Perceived Health Low Middle High Total
Poor  5.04 32.84 26.12 64/13%
Fair 14.58 94.93 75.49 185/37%
Good 19.38 126.33  100.39 246/50%
Totals 39 254 202 495

low/poor =  (64*39)/495 = 5.04

low/fair = (185*39)/495 = 14.58

low/good = (246*39)/495 = 19.38

middle/poor = (64*254)/495 = 32.84

middle/fair = (185*254)/495 = 94.93

middle/good = (246*254)/495 = 126.33

high/poor =  (64*202)/495 =  26.12

high/fair = (185*202)/495 =  75.49

high/good = (246*202)/495 = 100.39

 

Now calculate chi-square

fo fe fo-fe (fo-fe)2 (fo-fe)2
fe
low/poor 15 5.04 9.96 99.2 19.68
low/fair 14 14.58 -.58 .34 .02
low/good 10 19.38 -9.38 87.98 4.54
middle/poor 31 32.84 -1.84 3.39 .10
middle/fair 114 94.93 19.07 363.66 3.83
middle/good 109 126.23 -17.23 296.87 2.35
high/poor 18 26.12 -8.12 65.93 2.52
high/fair 57 75.49 -18.49 341.88 4.53
high/good 127 100.39 26.61 708.09 7.05
Total

44.62

calculated chi-square = 44.62

Reject null.  There is a relationship between social class and health.

Have to see observed table to interpret the relationship.

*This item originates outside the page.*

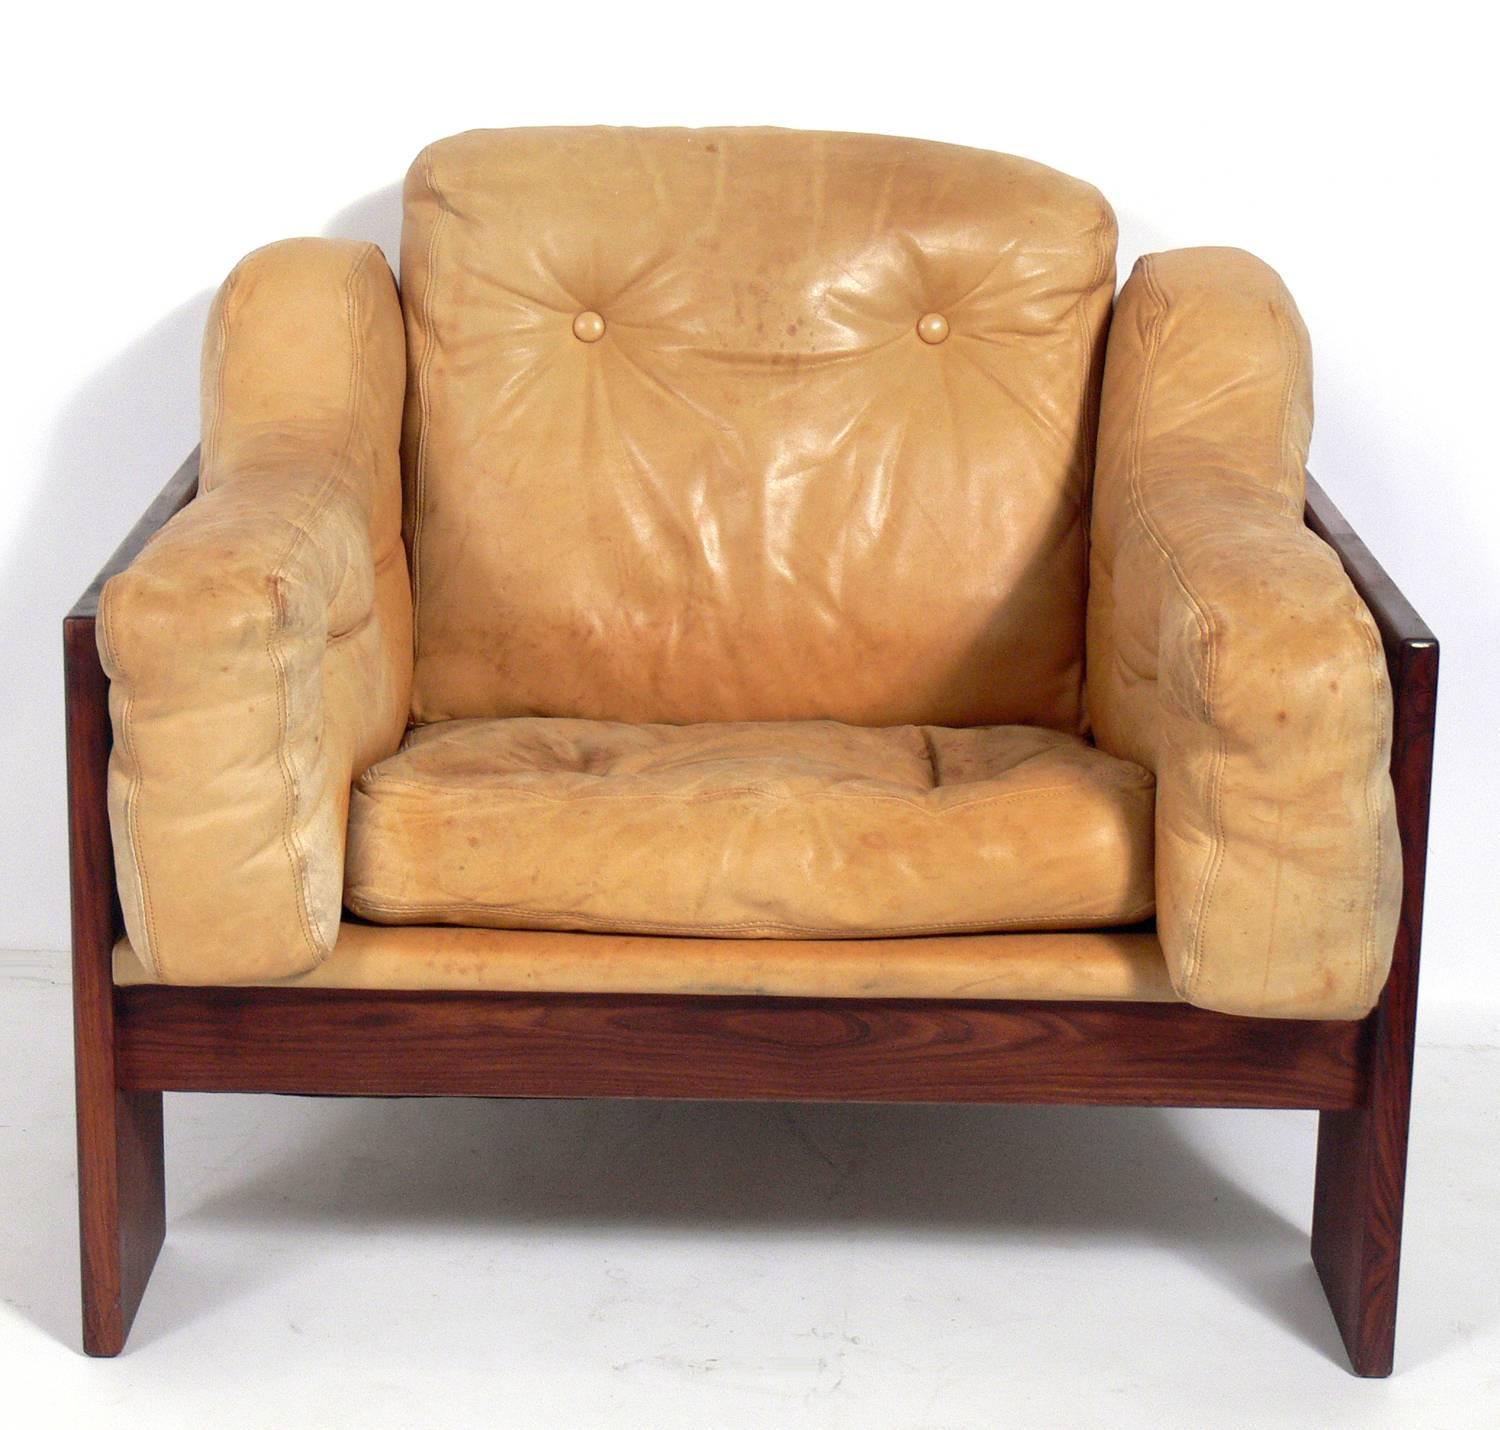 Mid-Century Modern Sculptural Danish Modern Rosewood and Leather Lounge Chair

Compare column %'s.  Look down columns for patterns.

What do most of the low class people respond with?  Poor health

What do most of the middle class people respond with?  Fair health

What do most of the high class people respond with?  Good health

What is the pattern?  As social class increases, people's perceived health improves.  People in the high social class are most likely to perceive themselves in good health.  People in the middle social class are most likely to perceive themselves in fair health.  People in the lower social class are most likely to perceive themselves in poor health.


Limitations of chi-square

1.  Heavily influenced by n.  As n increases, chi-square increases, independent of the relationship between x and y.

If there is a large n, you will likely find statistically significant relationships when in reality there is no  relationship.

If there is a small n, you will likely not find statistically significant relationships even if in reality there is a relationship.

2. Sensitive to small expected frequencies.  If fe<5 in 1 or more cells, chi-square is unstable.